Keyboards Are For Wimps

The Age

Tuesday September 16, 2008

Graeme Philipson

How we interact with computers is ripe for change. But not just yet.

THE first commercial computers, in the 1940s, were programmed by plugging cables into sockets. Things improved over time, with punch cards and paper tape punched with holes, but even the first microcomputer, the Altair 8800 of 1975, needed an array of switches to be flicked to make it work.

The history of computing has been about improvements in processing power and storage, and about better and better programming languages, but the man-machine interface has not improved nearly so much.

Keyboards replaced cables and switches, green screens and the coloured screens replaced teletypes, and all input and output devices got a whole lot better. But not very quickly, compared to advances in other areas.

The biggest improvement was the invention of the WIMP interface. WIMP stands for either Windows, Icon, Mouse, Pull-down menus, or Windows, Icon, Menu, Pointing device, depending on who you listen to. It is a closely related term to GUI (pronounced "gooey"), which stands for graphical user interface.

Today, we are all gooey wimps.
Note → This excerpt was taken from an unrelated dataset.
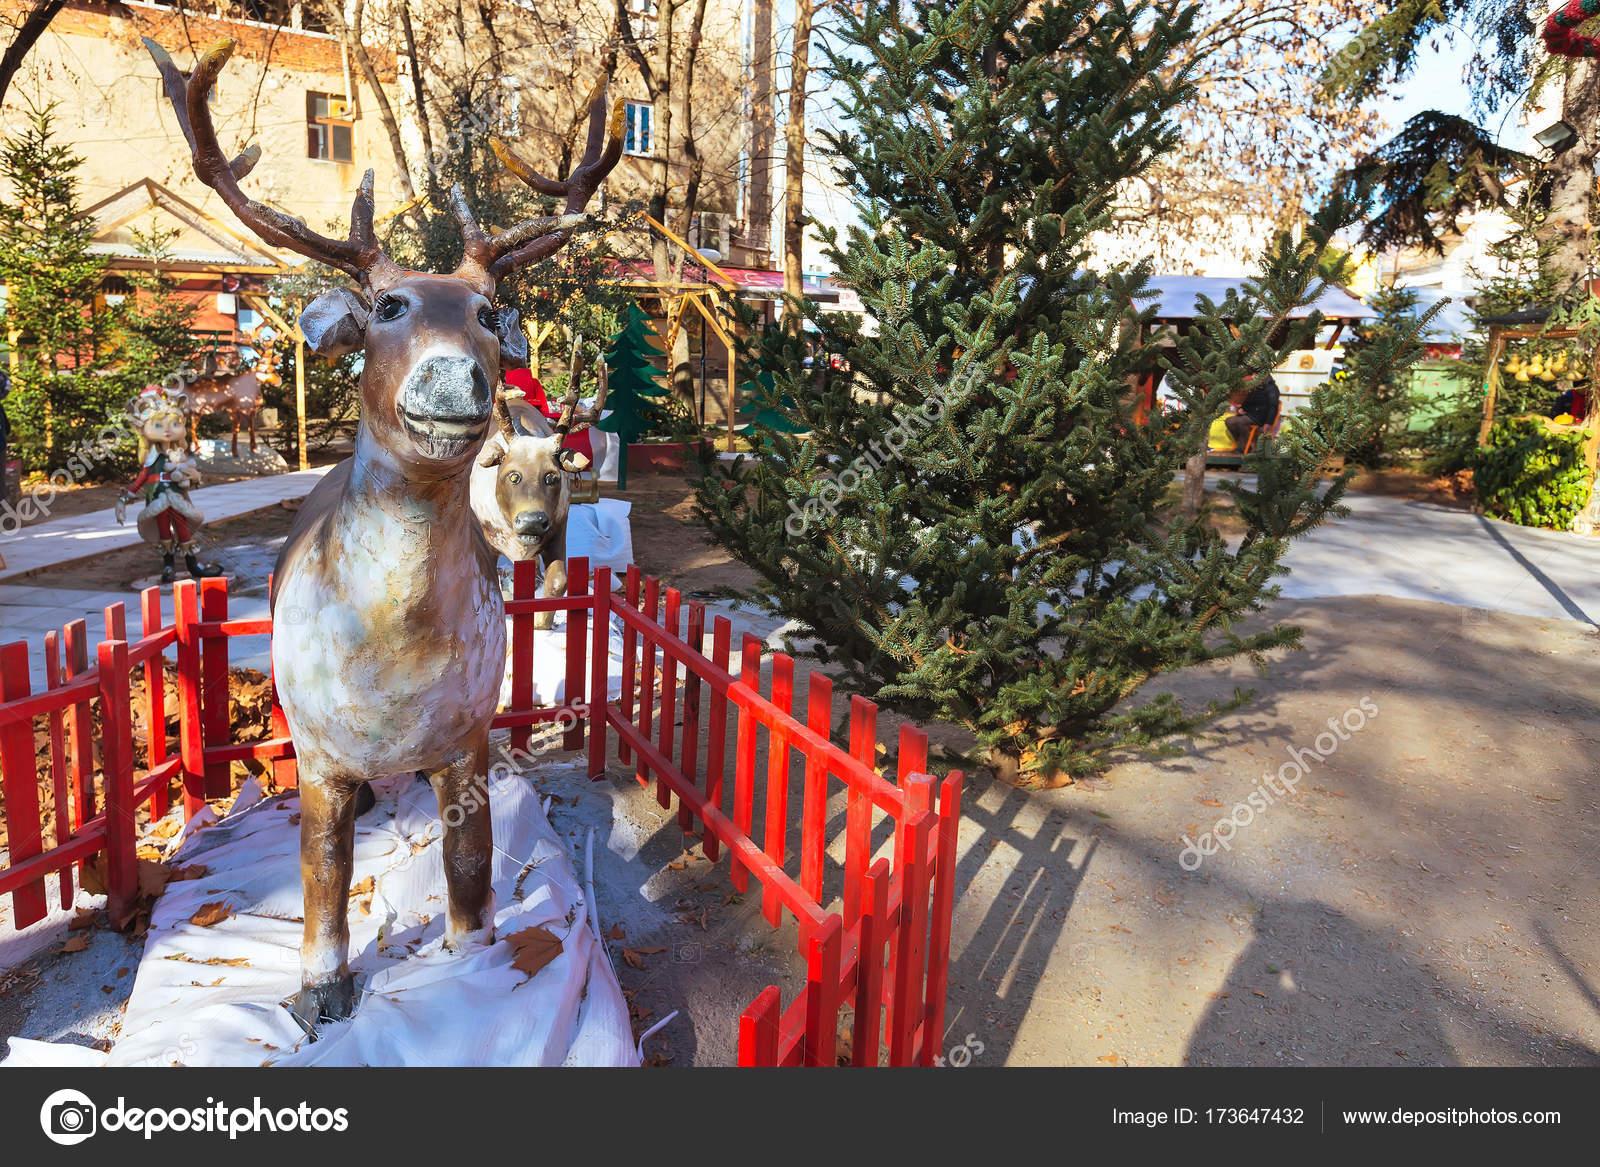 Greek Christmas.Deer Decoration Figurine At Greek Christmas Market Stock
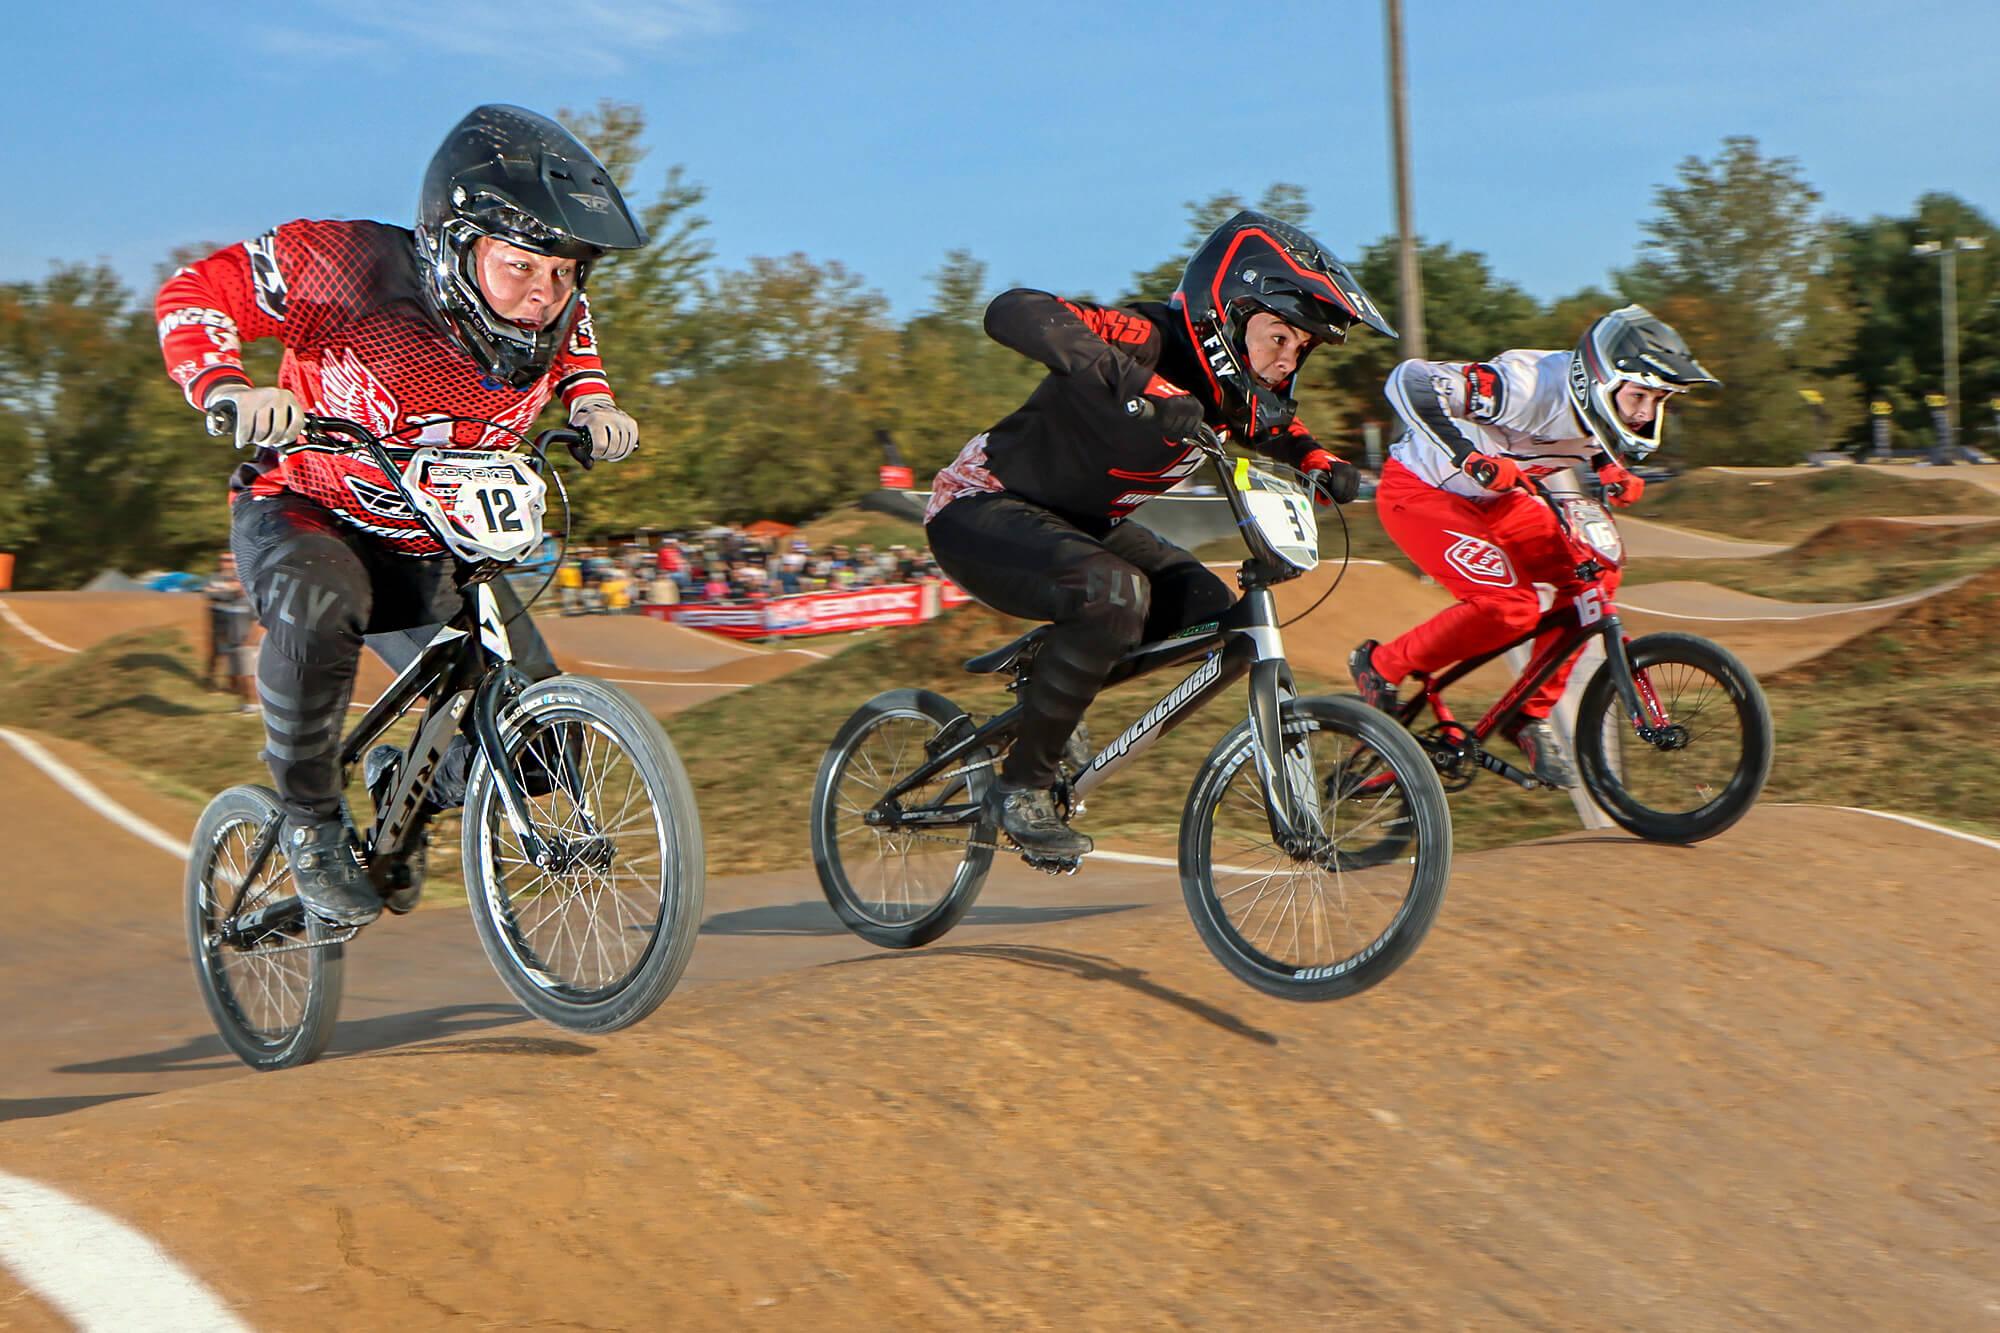 USA BMX Derby City 2020 - Jerry Landrum - 0216-2000FX

This style of interface was invented at Xerox's Palo Alto Research Centre in the 1970s, and popularised by the Apple Macintosh in the mid 1980s. It became almost universal with the widespread introduction of Microsoft Windows in the early 1990s.

The evolution was not clean. Apple essentially stole the idea from Xerox, but then everybody stole all sorts of ideas from Xerox (the laser printer and the local area network, to name a couple of examples). But when Microsoft stole the idea from Apple, Apple had the audacity to sue Microsoft for infringing its intellectual property, a suit that was so laughable it collapsed under its own mirth.

We've come a long way since those first GUIs. Or have we? Today's PCs are thousands of times more powerful than the first Macs or Windows-capable PCs, but we all still use a mouse and a keyboard to get information into a computer, and a screen and a printer to get information out.

For many years there have been attempts to move beyond the WIMP interface. Voice recognition has improved significantly, and some of us can now talk to our computers to make them (most of the time) do as they're told.

We have touch screens and tablet PCs. We have devices that project information on to special glasses and which can track an eye's movement around a screen. We have experimental carbon-silicon interfaces that may one day enable our brains to work directly with computer memory. (Fancy eight terabytes at the base of your brain? Never forget anything ever again! Carry Wikipedia around in your head!)

But all these developments are slow. Bill Gates got up in front of an audience in Hong Kong last month and gave a long speech about the future of computing, in which he concentrated on the man-machine interface and where it's all headed. He spoke not of the GUI, but of the NUI (natural user interface), and of advances in robotics and "pervasive" and "embedded" computing that will make current ways of interacting with computers redundant.

Now, many people like to criticise Bill Gates and Microsoft as inhibitors, rather than promoters, of technological change, but it is hard to argue with his predictions in this case. The current model of the man-machine interface is clunky and overdue for repair.

But as is always the case with predictions, the time frame is the problem. These things will no doubt happen one day - but when?

I fear it will be a slow old ride.

Look at any notebook computer, and what you see is not much more than a keyboard and a screen. If they go, is what you have a left a computer, or something else?

How will voice recognition work in an open-plan office, even in a world where we are becoming inured to hearing private chat shouted into handsets in public places?

And we are seeing more screens, not fewer. The "one foot" mobile phone experience, the "three foot" PC screen experience, the "10foot" TV experience. The screen will remain the most dominant output device, no doubt about it.

With all the predictions of the demise of the inefficient qwerty keyboard, originally designed to slow typists down so the keys didn't get in each other's way, a massive amount of typing is now done on even more inefficient 12-key pads of mobile phones. In some ways, we are regressing.

I suppose the day will come when we will interact with computers with a wave of the hand and a glance. We will one day get the eight terabyte extension to our cerebellum.

But don't throw away your mouse any time soon. Just as today's PC looks like the one you were using 10 years ago, so will the one you are using 10 years hence be instantly recognisable as such.

As they used to say, we'll see the paperless office when we see the paperless toilet. I suspect computer keyboards will be with us for a very long time.